WHO – EBOLA VIRUS DISEASE (EVD)

Key facts

Ebola virus disease (EVD), formerly known as Ebola hemorrhagic fever, is a severe, often fatal illness

in humans.

EVD outbreaks have a case fatality rate of up to 90%.

EVD outbreaks occur primarily in remote villages in Central and West Africa, near tropical rainforests.

The virus is transmitted to people from wild animals and spreads in the human population through

human-to-human transmission.

Fruit bats of the Pteropodidae family are considered to be the natural host of the Ebola virus.

Severely ill patients require intensive supportive care. No licensed specific treatment or vaccine is

available for use in people or animals.

Ebola first appeared in 1976 in 2 simultaneous outbreaks, in Nzara, Sudan, and in Yambuku,

Democratic Republic of Congo. The latter was in a village situated near the Ebola River, from which

the disease takes its name.

Genus Ebolavirus is 1 of 3 members of the Filoviridae family (filovirus), along with genus

Marburgvirus and genus Cuevavirus. Genus Ebolavirus comprises 5 distinct species: 1. Bundibugyo ebolavirus (BDBV)

2. Zaire ebolavirus (EBOV)

3. Reston ebolavirus (RESTV)

4. Sudan ebolavirus (SUDV)

5. Taï Forest ebolavirus (TAFV).

BDBV, EBOV, and SUDV have been associated with large EVD outbreaks in Africa, whereas

RESTV and TAFV have not. The RESTV species, found in Philippines and the People’s Republic of

China, can infect humans, but no illness or death in humans from this species has been reported to date.

Transmission

Ebola is introduced into the human population through close contact with the blood, secretions, organs

or other bodily fluids of infected animals. In Africa, infection has been documented through the

handling of infected chimpanzees, gorillas, fruit bats, monkeys, forest antelope and porcupines found

ill or dead or in the rainforest.

Ebola then spreads in the community through human-to-human transmission, with infection resulting

from direct contact with the blood, secretions, organs or other bodily fluids of infected people, and

indirect contact with environments contaminated with such fluids. Burial ceremonies in which

mourners have direct contact with the body of the deceased person can also play a role in the

transmission of Ebola. Men who have recovered from the disease can still transmit the virus through

their semen for up to 7 weeks after recovery from illness.
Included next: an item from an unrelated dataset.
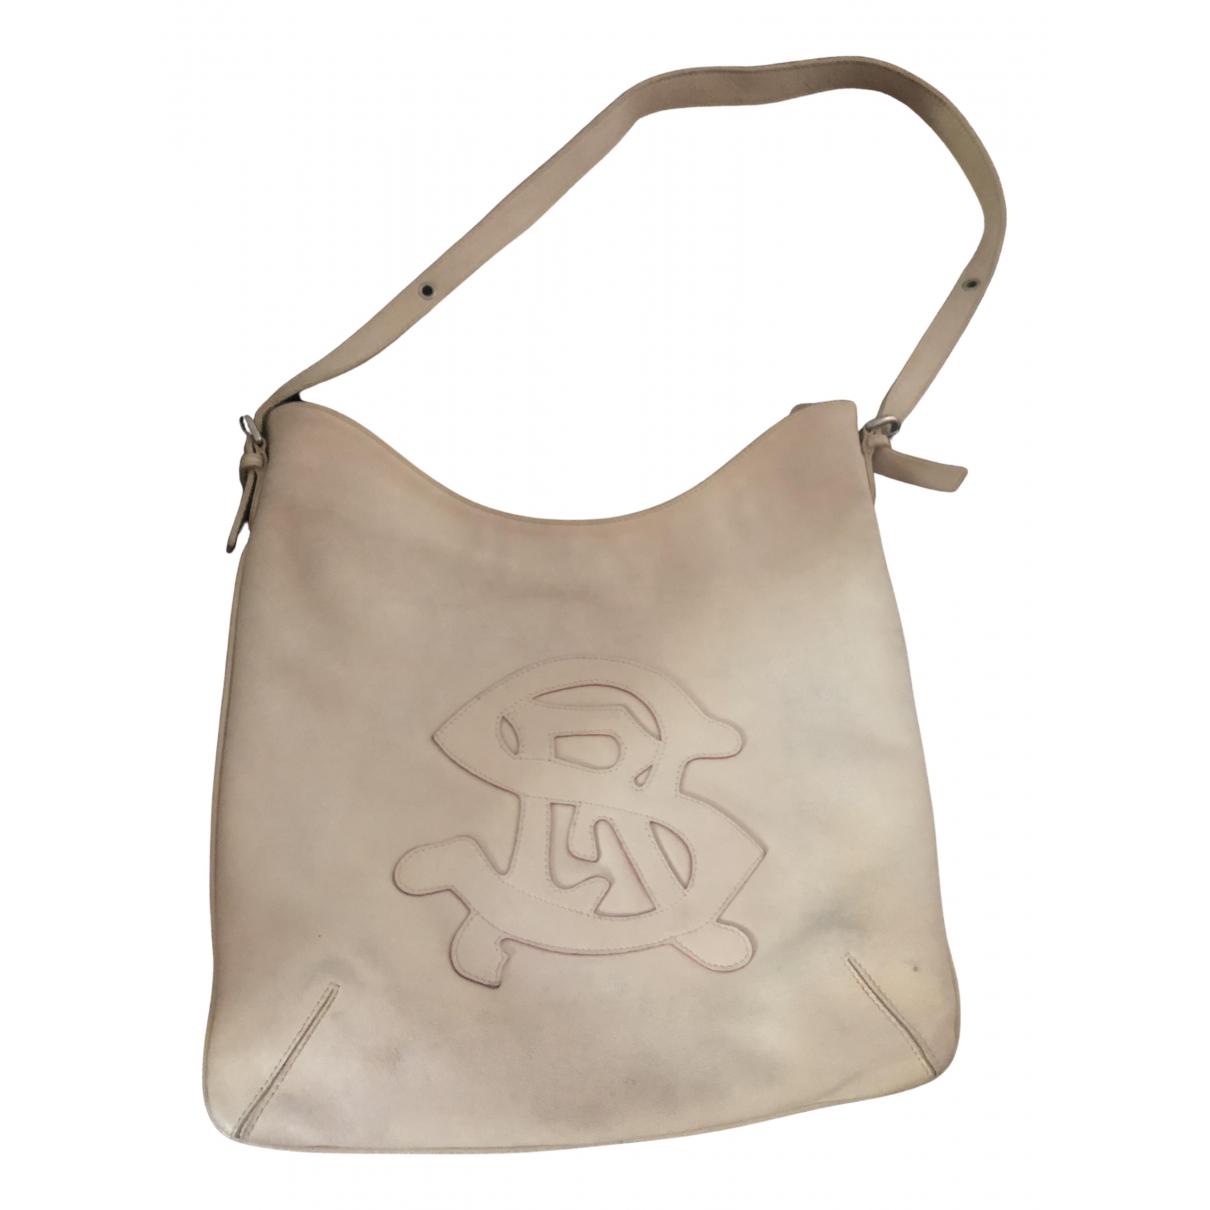 Sonia Rykiel N Beige Leather handbag for Women N

Health-care workers have frequently been infected while treating patients with suspected or confirmed

EVD. This has occurred through close contact with patients when infection control precautions are not

strictly practiced.

Among workers in contact with monkeys or pigs infected with Reston ebolavirus, several infections

have been documented in people who were clinically asymptomatic. Thus, RESTV appears less

capable of causing disease in humans than other Ebola species.
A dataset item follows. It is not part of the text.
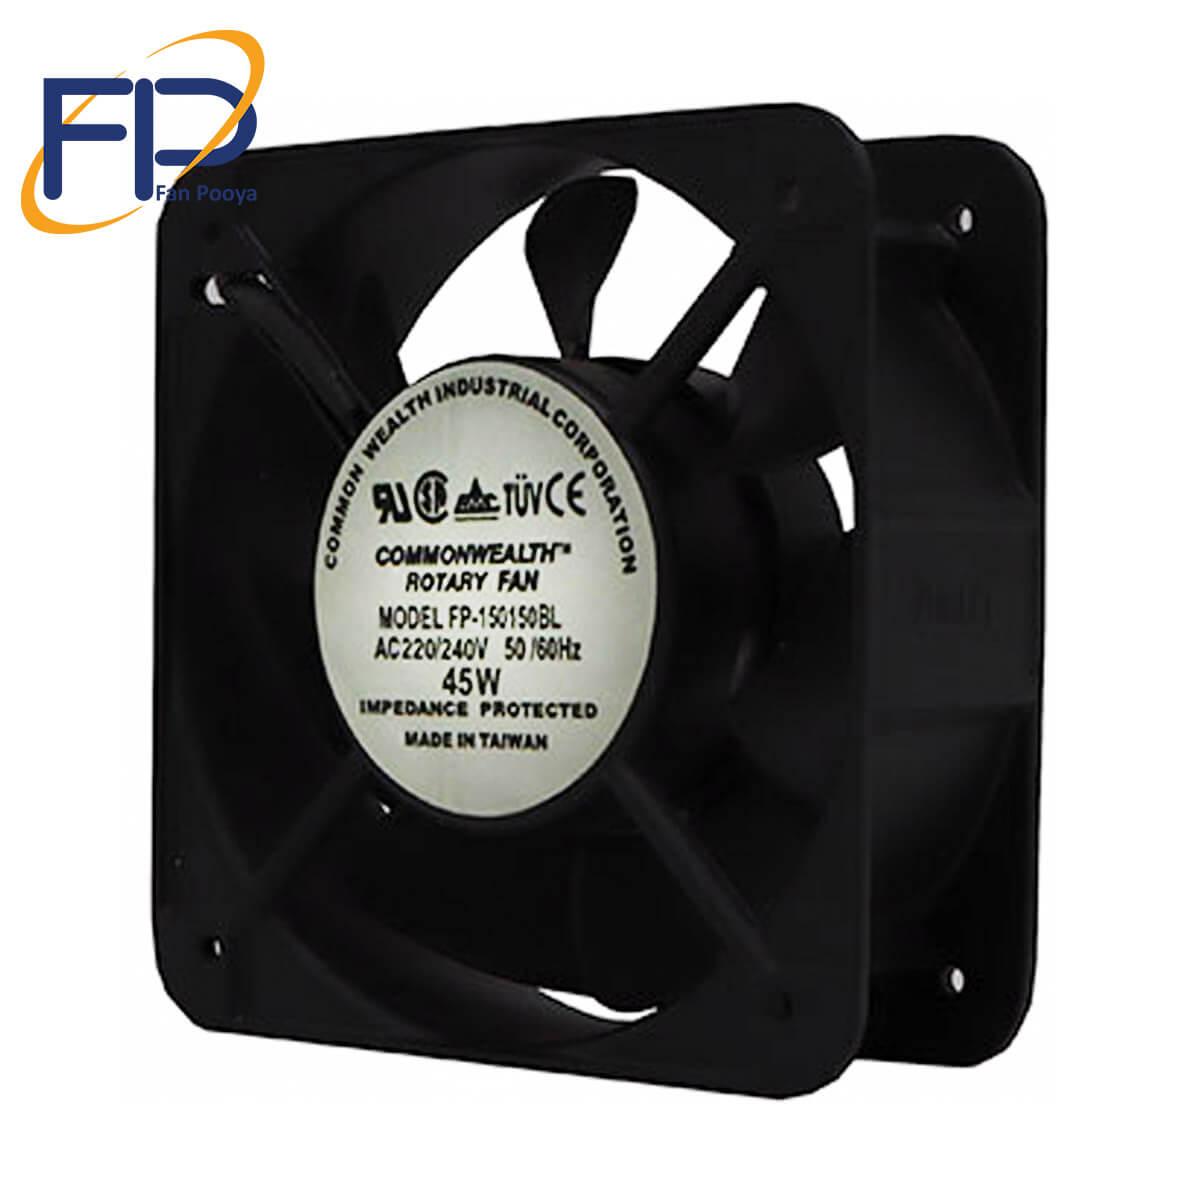 فن کامپیوتری15*15-(COMONWEALTH)-مدل FP150*150BL

However, the only available evidence available comes from healthy adult males. It would be

premature to extrapolate the health effects of the virus to all population groups, such as immuno-

compromised persons, persons with underlying medical conditions, pregnant women and children.

More studies of RESTV are needed before definitive conclusions can be drawn about the

pathogenicity and virulence of this virus in humans.

Page 2: Ebola

Signs and symptoms

EVD is a severe acute viral illness often characterized by the sudden onset of fever, intense weakness,

muscle pain, headache and sore throat. This is followed by vomiting, diarrhoea, rash, impaired kidney

and liver function, and in some cases, both internal and external bleeding. Laboratory findings include

low white blood cell and platelet counts and elevated liver enzymes.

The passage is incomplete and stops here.